Он не знал, как такое возможно, и не хотел разбираться. Не было сил, и нужно было время для воплощения решения, которое принял в ту же минуту, когда понял, что, вопреки всем законам, он всё ещё живой. Ему нужно было убить Доктора, и убивать он решил медленно и изощрённо. Так проще. Слаще. Будет время смаковать вином победы по глоткам.
Но это, решил он, будет потом. Позже. Сейчас он лишь возвращался в прошлое, во временную линию несносного Доктора, туда, где его оставил, чтобы, наконец, сказать ему всё, чтобы заявить о самом важном. Высказать наболевшее. Проорать в самодовольную рожу, что больше он, Доктор, не посмеет так с ним, давним другом, самым главным врагом, так обращаться. И изо всех сил врезать ему по косматой башке. Так, чтобы, завертевшись, она оторвалась и покатилась по грязному асфальту.
Он шёл злой, разъяренный, пряча сжатые в карман кулаки. Которые чесались и требовали драки. Мастер поклялся даже, что, если поймает ещё хоть один косой взгляд, непременно поколотит его владельца.

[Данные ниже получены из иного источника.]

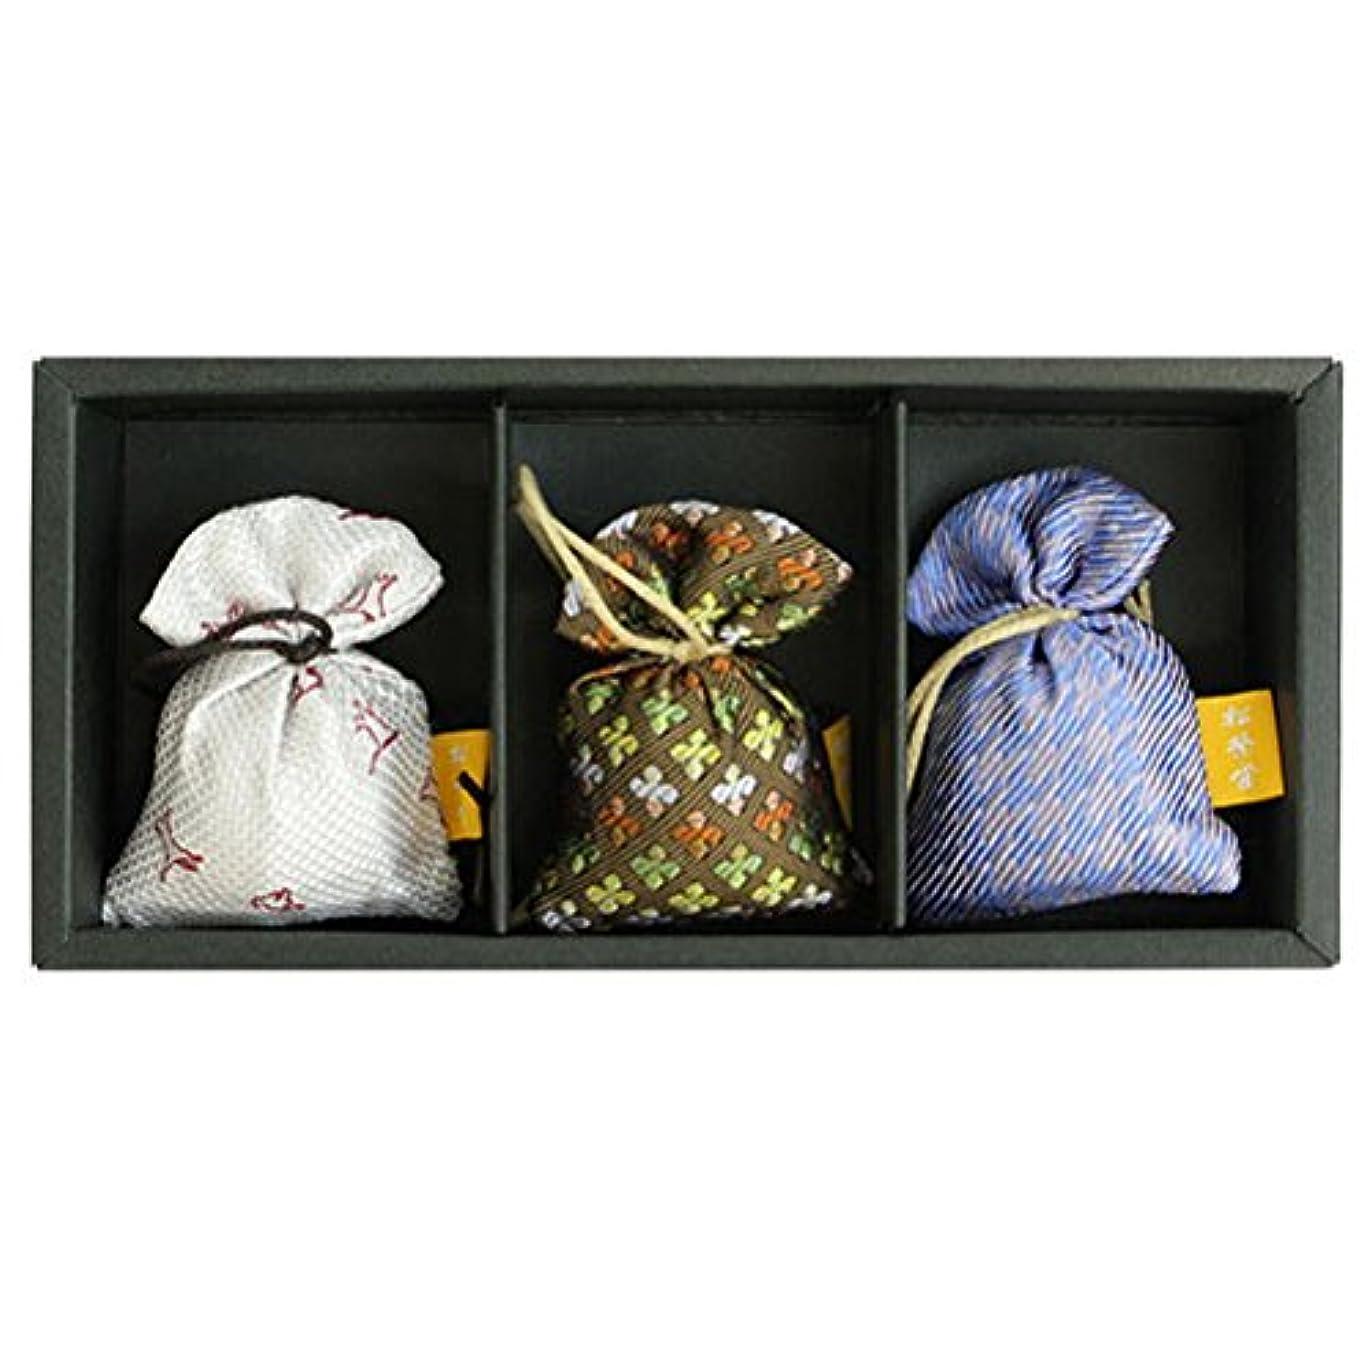 保持再撮り鮫匂い袋 誰が袖 薫 かおる 3個入 松栄堂 Shoyeido 本体長さ60mm (色?柄は選べません)
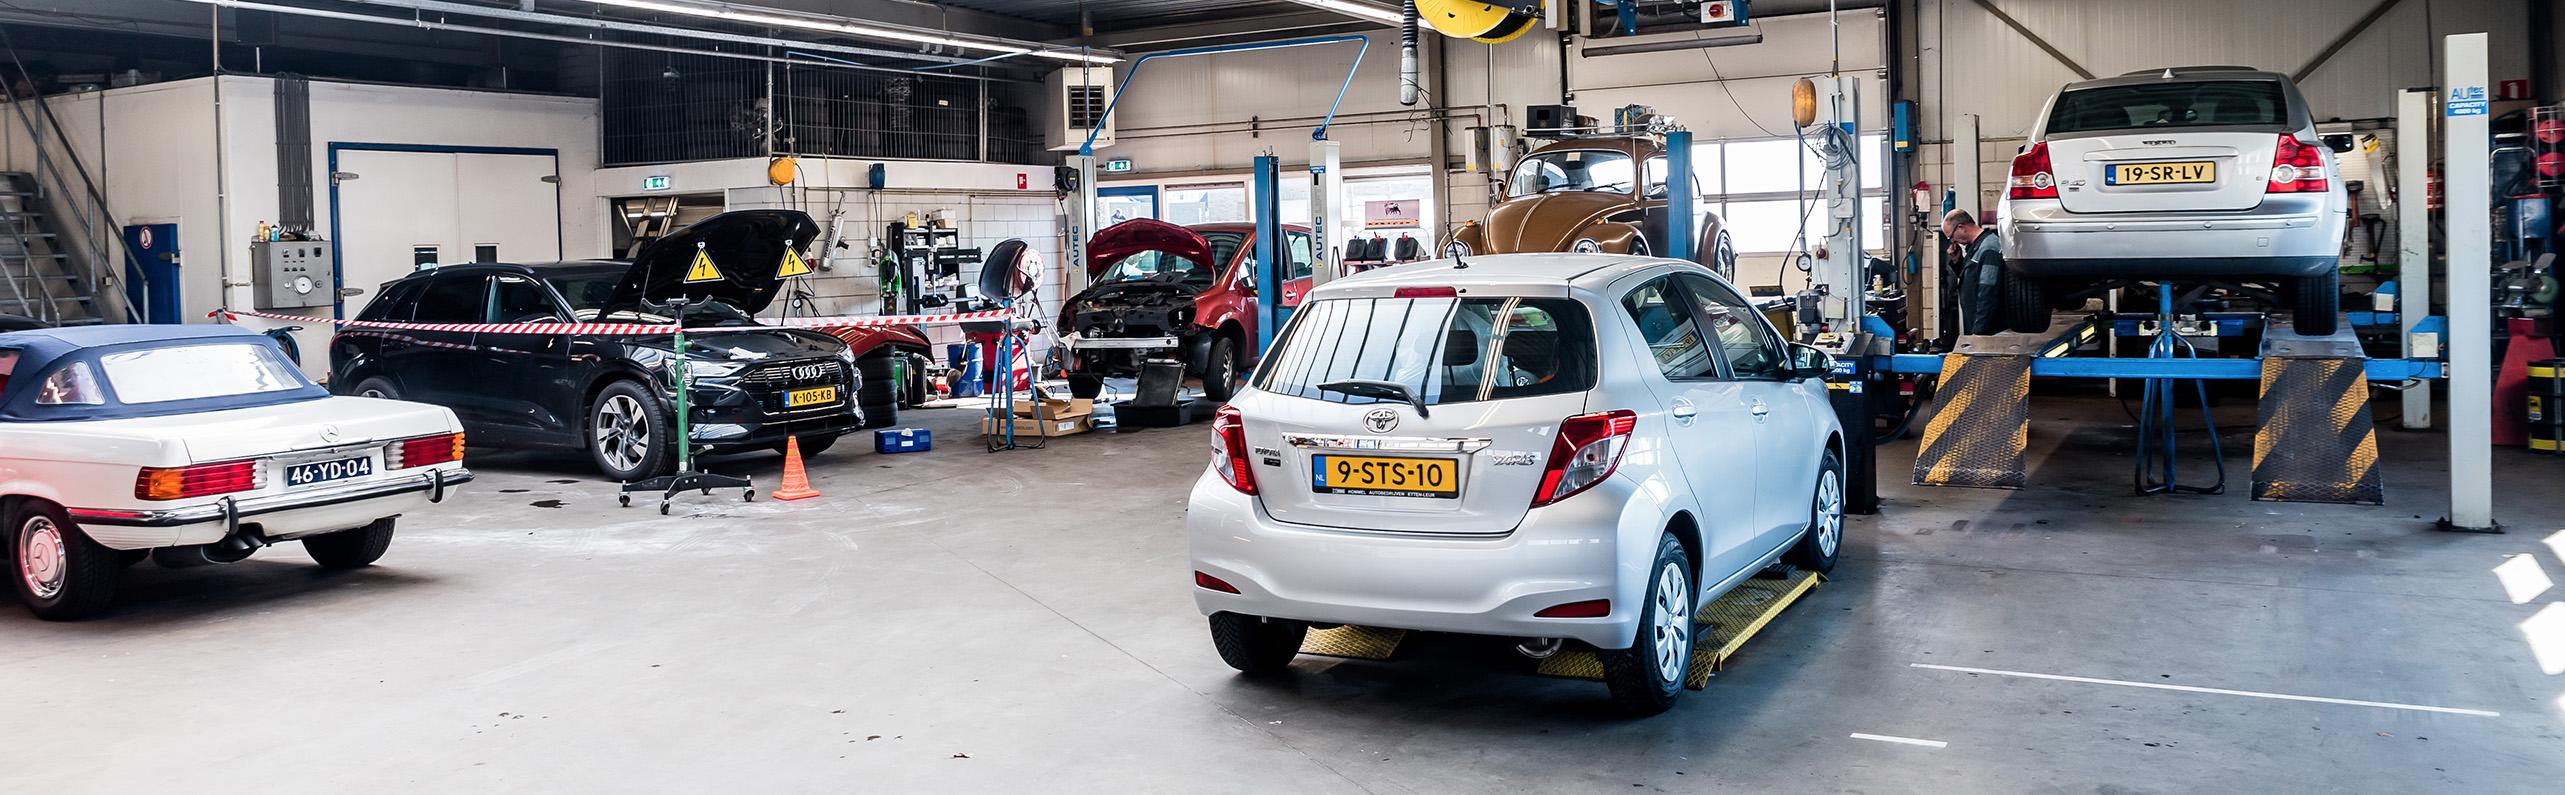 Werkplaats Kees Roks in Roosendaal

Он пробивался сквозь толпу, не обращая внимания ни на что, толкая нерасторопных растяп локтями и наступая людишкам на ноги. Слышал возмущения, угрозы, визгливый крик. Оборачивался. Долго смотрел в глаза. И, конечно, любимые щеночки Доктора тут же становились его рабами. Как предсказуемо. Как пресно.
— Жди, Доктор. Совсем скоро ты станешь моим рабом. И больше тебе не вырваться. Теперь я не отпущу. Никогда.
Он шёл по следу, сканируя отверткой каждый дюйм. Отвёртка визгливо пищала. Доктор был рядом.
А потом случилось то, от чего он буквально впал в ступор.
Он увидел новое лицо старого друга, несносного врага.
Доктор превратился в блондиночку.
Сперва Мастер глазам своим не поверил. Сощурился. Похлопал ресницами, когда понял, что глаза обдуло на ветру. Стукнул себя под дых, чтобы доказать, что это правда, а не игры его помешанного воображения.
Доктор стал милой курносой блондинкой.
Она шла, пошатываясь, довольно неуклюже маневрируя среди людей, иногда пиная камешком ботинок землю. Она явно куда-то торопилась. Взгляд был сосредоточенный, смотрел прямо перед собой, сверлил асфальт.
Мастер выступил вперёд, преграждая ей путь. Так, чтобы у неё не было шансов не столкнуться.